Коннетабль (ибо шедшим впереди паломником был именно он) обернулся на эти слова своего оруженосца и увидел в высокой траве мертвое тело; трава скрывала его настолько, что сам коннетабль прошел мимо, не обратив на него внимания; труп заметил оруженосец, ибо не был погружен в столь глубокую задумчивость. Судя по кожаному кафтану, убитый был английским крестьянином. Тело лежало ничком, и стрела, принесшая ему смерть, еще торчала у него в спине.

С равнодушием человека, привычного к подобным зрелищам, Филипп Гуарайн вытащил стрелу, как вытащил бы ее из тела убитого оленя.

Коннетабль, столь же равнодушно, знаком велел своему оруженосцу показать ему стрелу; без особого любопытства осмотрев ее, он сказал:

— Гуарайн, а ведь ты позабыл свое старое ремесло, если назвал эту стрелу валлийской. Поверь мне, она выпущена из норманнского лука. Но почему она оказалась в теле английского мужика, этого я понять не могу.

— Должно быть, это был беглый раб, какой-нибудь негодяй, который вступил в валлийскую разбойничью шайку, — ответил оруженосец.

— Может статься, — сказал коннетабль. — Но я скорее подозреваю междоусобицу среди самих Лордов Хранителей Марки. Валлийцы разоряют селения, оставляя на своем пути кровь и пепел, но мы видим, что здесь штурмовали и брали даже замки. Пошли нам, Господи, добрые вести о замке Печальный Дозор!

— Аминь! — произнес оруженосец. — Но если их доставит Рено Видаль, то добрым вестником он станет впервые в своей жизни.

— Филипп, — сказал коннетабль, — я уже говорил тебе, что ты ревнив и глуп. Сколько раз доказывал Видаль свою верность в часы испытаний, смекалку в трудных случаях, храбрость в бою и терпеливость в страданиях.

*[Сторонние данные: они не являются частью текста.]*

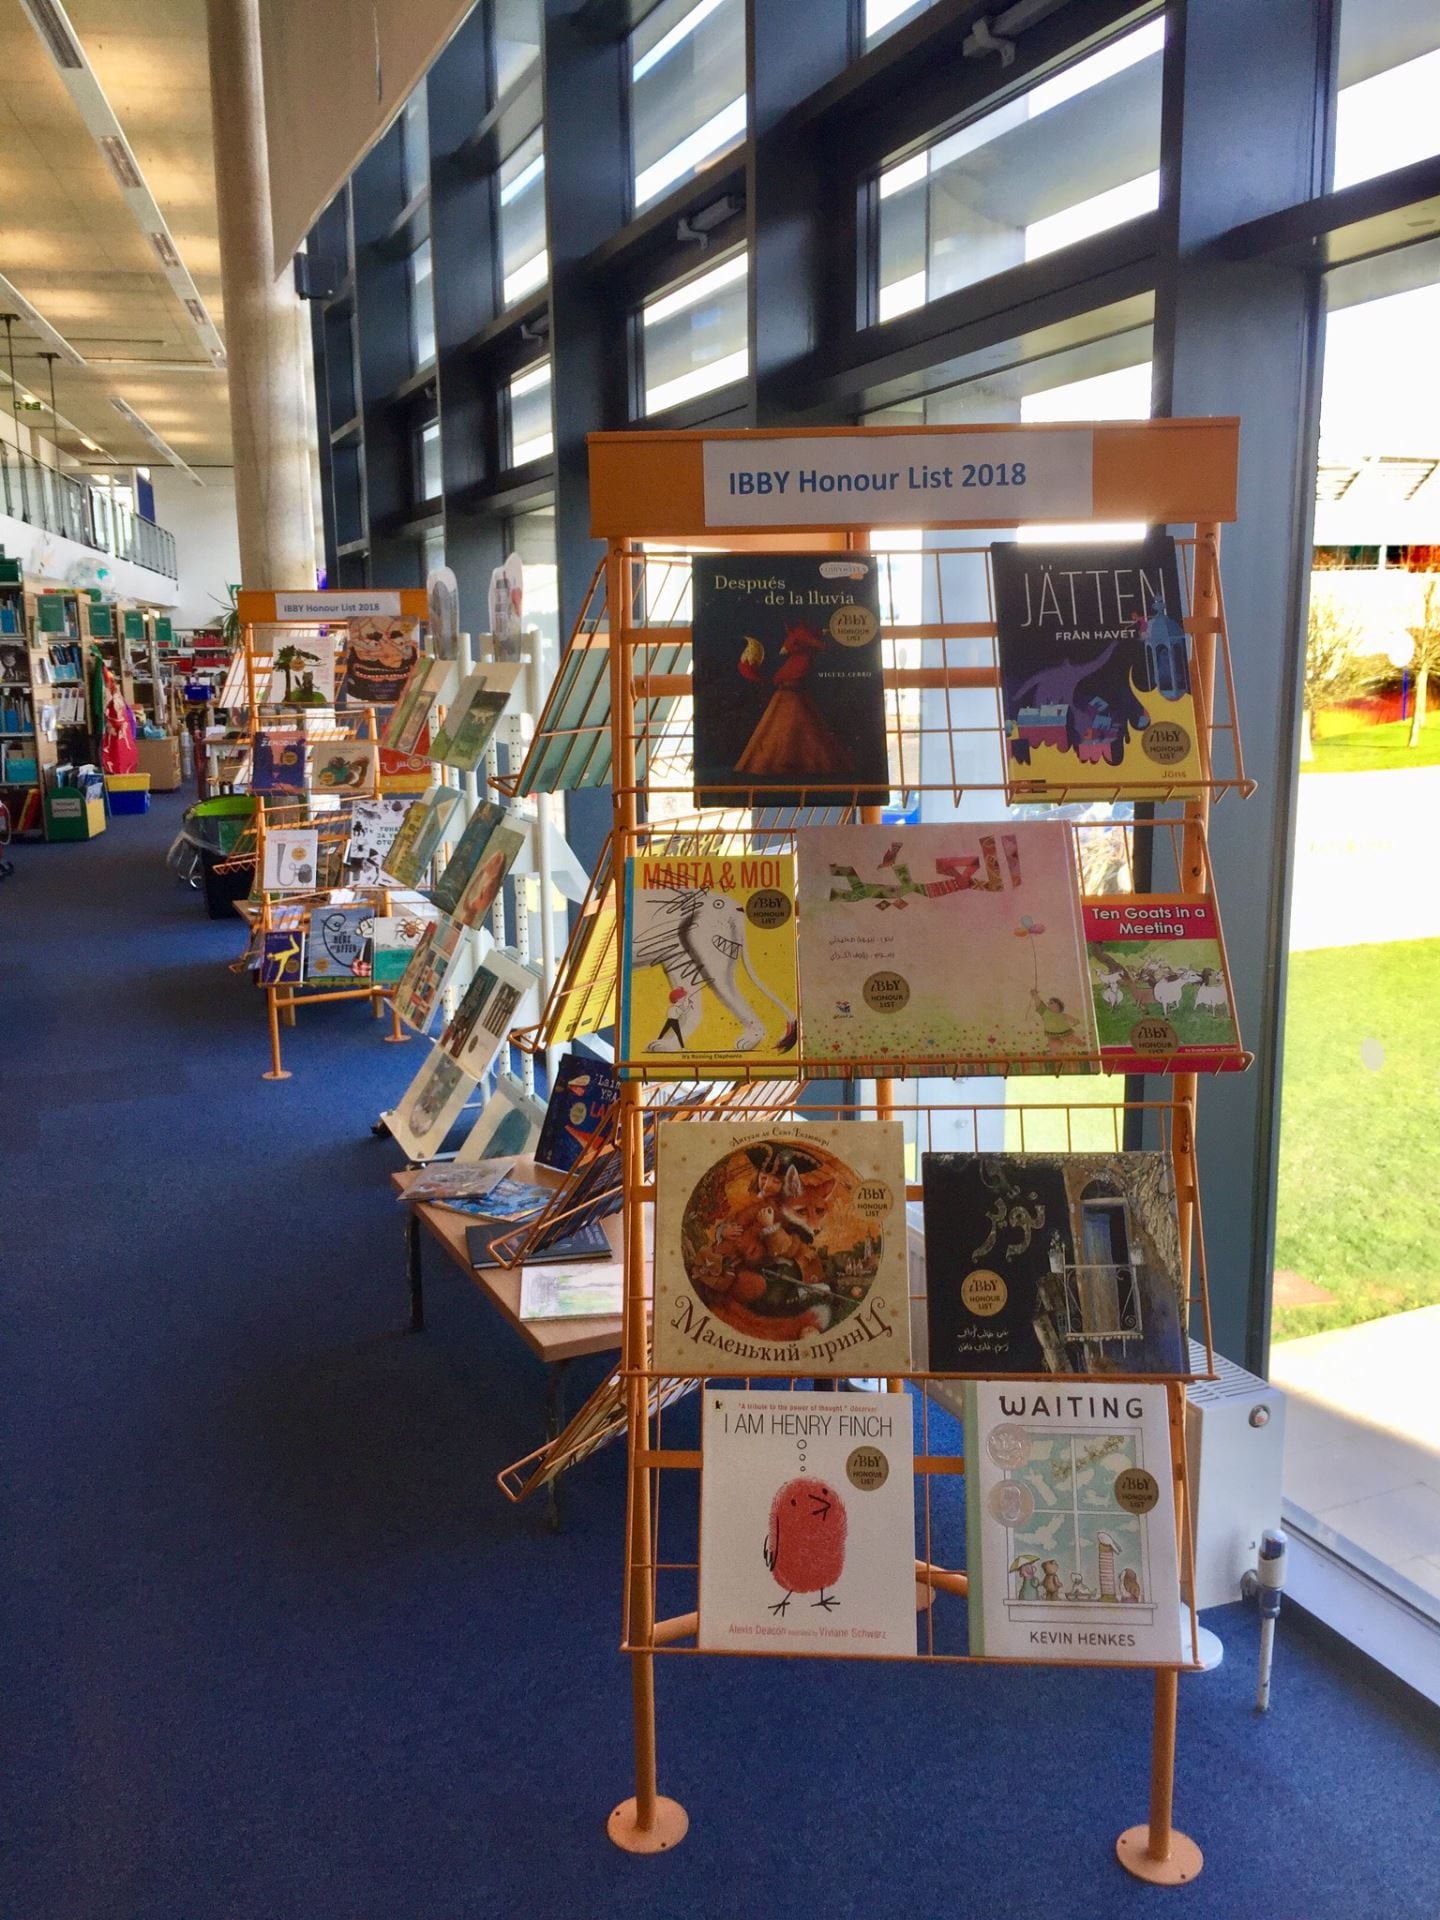 Display of IBBY in Curriculum Centre
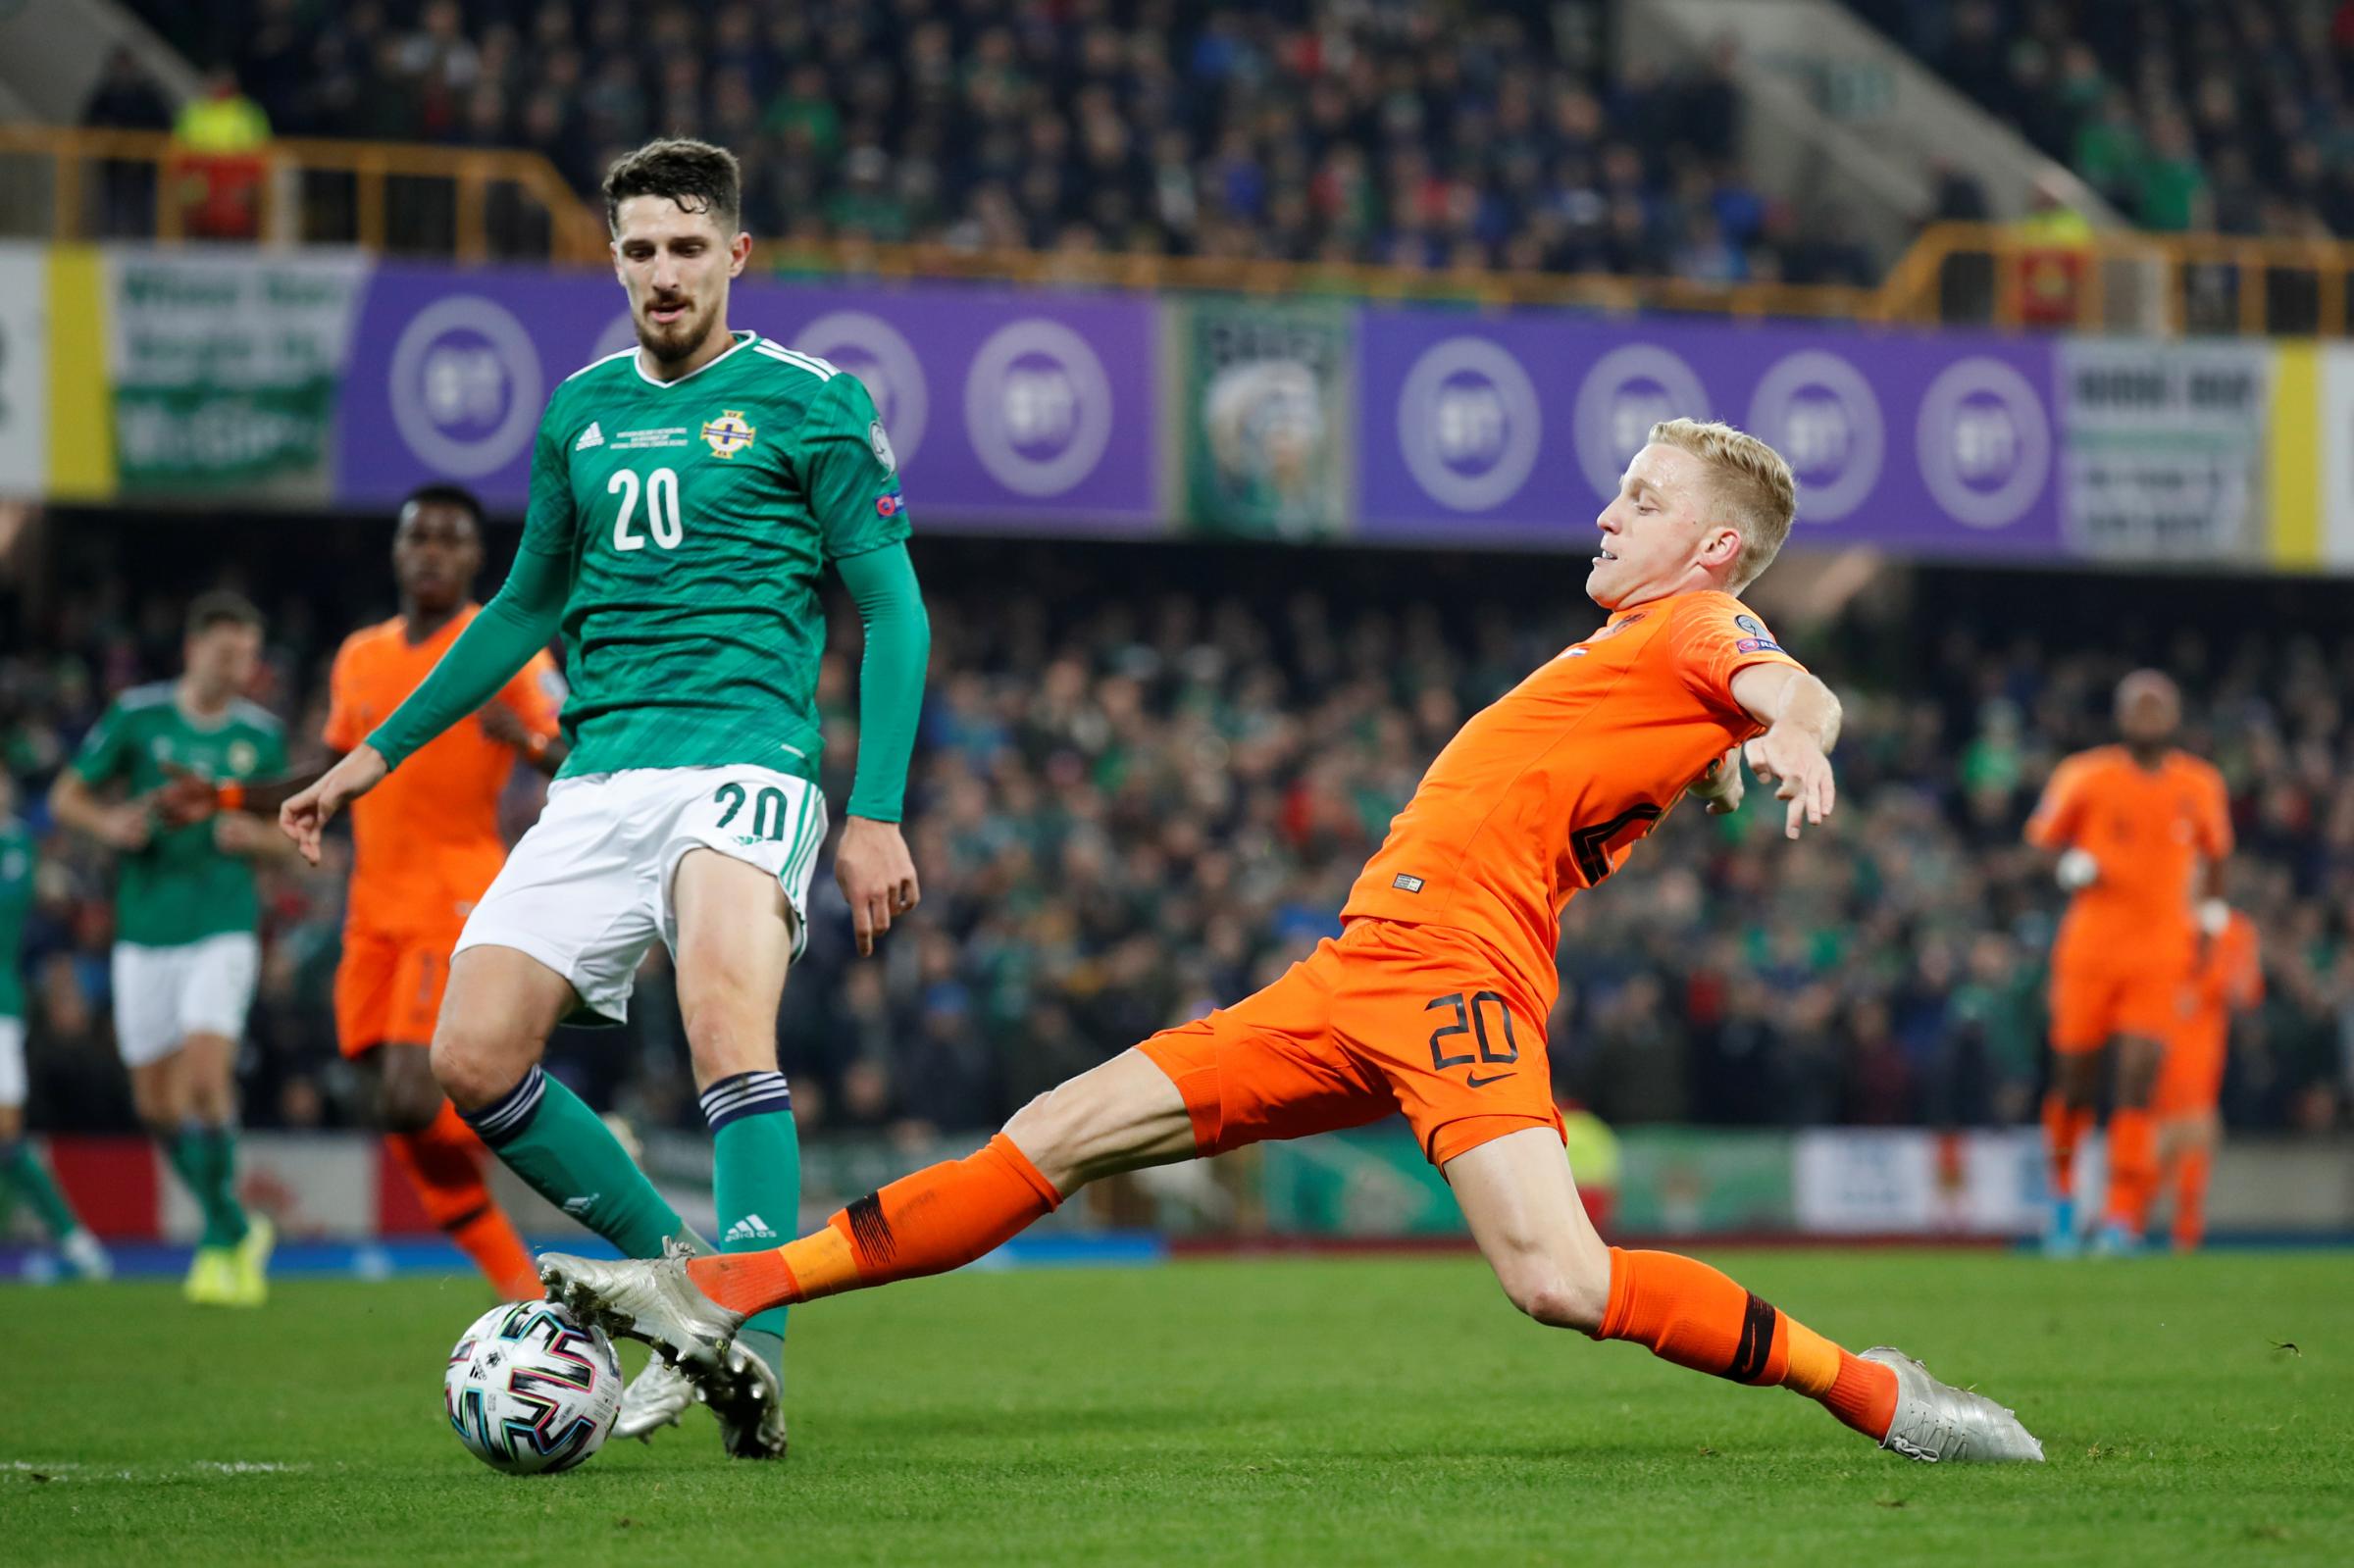 Watford's Craig Cathcart has Northern Ireland Euro 2020 play-offs moved to June

— Все это так, милорд, — ответил Гуарайн. — Что я могу возразить? Я признаю, что он не раз оказывал важные услуги. И все же не хотелось бы мне, чтобы ваша жизнь или честь оказались в руках Рено Видаля.

— Ради всех святых, скажи мне, хмурый и подозрительный глупец, в чем можешь ты его упрекнуть?

— Ни в чем, милорд, — ответил Гуарайн. — Отвращение мое инстинктивно. Дитя, впервые увидевшее змею, ничего не знает об ее опасных свойствах, однако не тянется за ней, как тянется за мотыльком. Такова и моя неприязнь к Видалю. Она непобедима. Я еще простил бы ему злобные взгляды, которые он искоса бросает на вас, когда думает, что никто не замечает их; но не могу простить глумливый смех. Мне тогда вспоминается зверь, о котором нам довелось слышать в Иудее: прежде чем растерзать свою жертву, он смеется.

— Филипп, — сказал де Лэси, — мне от души жаль тебя. Жаль видеть в доблестном старом воине столь упорное и беспричинное предубеждение. Если уж не вспоминать о прежних доказательствах верности Видаля, возьмем хоть последнее наше злоключение. Когда кораблекрушение забросило нас на побережье Уэльса, разве не доказал он свою преданность? Если бы валлийцы узнали во мне коннетабля Честерского, а в тебе — его верного оруженосца, столько раз выполнявшего мои приказы идти на них, нас немедленно предали бы смерти.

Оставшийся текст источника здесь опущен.